EXTRACTED RECORDS Block Start
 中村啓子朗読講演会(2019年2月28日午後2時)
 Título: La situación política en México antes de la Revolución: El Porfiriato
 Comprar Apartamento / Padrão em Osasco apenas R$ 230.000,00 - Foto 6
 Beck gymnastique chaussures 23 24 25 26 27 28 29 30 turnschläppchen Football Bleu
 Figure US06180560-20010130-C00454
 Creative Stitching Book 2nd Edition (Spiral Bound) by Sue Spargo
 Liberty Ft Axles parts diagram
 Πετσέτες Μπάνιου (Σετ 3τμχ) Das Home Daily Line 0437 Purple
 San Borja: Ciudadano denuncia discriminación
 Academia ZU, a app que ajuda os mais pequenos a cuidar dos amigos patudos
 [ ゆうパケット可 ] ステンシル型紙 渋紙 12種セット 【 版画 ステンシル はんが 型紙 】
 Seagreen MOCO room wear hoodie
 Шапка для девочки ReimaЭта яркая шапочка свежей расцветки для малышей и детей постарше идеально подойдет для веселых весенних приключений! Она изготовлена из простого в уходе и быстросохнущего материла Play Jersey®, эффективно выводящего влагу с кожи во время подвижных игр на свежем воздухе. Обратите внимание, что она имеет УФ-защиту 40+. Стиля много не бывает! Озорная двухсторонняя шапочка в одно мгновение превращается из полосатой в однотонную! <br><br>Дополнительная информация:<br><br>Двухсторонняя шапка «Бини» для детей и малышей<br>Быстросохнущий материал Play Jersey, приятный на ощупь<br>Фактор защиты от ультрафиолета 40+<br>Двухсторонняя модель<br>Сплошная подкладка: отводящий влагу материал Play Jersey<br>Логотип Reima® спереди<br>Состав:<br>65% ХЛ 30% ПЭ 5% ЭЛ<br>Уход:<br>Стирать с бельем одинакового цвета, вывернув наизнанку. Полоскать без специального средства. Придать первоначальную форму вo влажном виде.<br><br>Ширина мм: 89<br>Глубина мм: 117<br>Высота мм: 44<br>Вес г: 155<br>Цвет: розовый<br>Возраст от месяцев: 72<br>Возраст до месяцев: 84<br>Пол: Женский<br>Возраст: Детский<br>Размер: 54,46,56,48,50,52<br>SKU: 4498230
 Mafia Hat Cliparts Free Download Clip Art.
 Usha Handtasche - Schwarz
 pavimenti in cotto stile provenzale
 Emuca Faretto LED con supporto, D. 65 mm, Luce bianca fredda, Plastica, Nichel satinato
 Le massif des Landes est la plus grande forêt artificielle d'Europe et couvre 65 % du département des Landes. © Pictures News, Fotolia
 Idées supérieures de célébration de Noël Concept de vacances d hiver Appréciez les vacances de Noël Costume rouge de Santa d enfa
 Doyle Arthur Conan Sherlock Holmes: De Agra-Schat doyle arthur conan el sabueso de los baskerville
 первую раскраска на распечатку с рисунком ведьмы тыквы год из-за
EXTRACTED RECORDS Block End
▶ **YOUR GOAL**
Please return only the lines above, starting at the line that has "Figure US06180560-20010130-C00454" and ending at the line that has "Seagreen MOCO room wear hoodie", keeping both and leaving each one unchanged.

▶ **WRITTEN RESPONSE**
 Figure US06180560-20010130-C00454
 Creative Stitching Book 2nd Edition (Spiral Bound) by Sue Spargo
 Liberty Ft Axles parts diagram
 Πετσέτες Μπάνιου (Σετ 3τμχ) Das Home Daily Line 0437 Purple
 San Borja: Ciudadano denuncia discriminación
 Academia ZU, a app que ajuda os mais pequenos a cuidar dos amigos patudos
 [ ゆうパケット可 ] ステンシル型紙 渋紙 12種セット 【 版画 ステンシル はんが 型紙 】
 Seagreen MOCO room wear hoodie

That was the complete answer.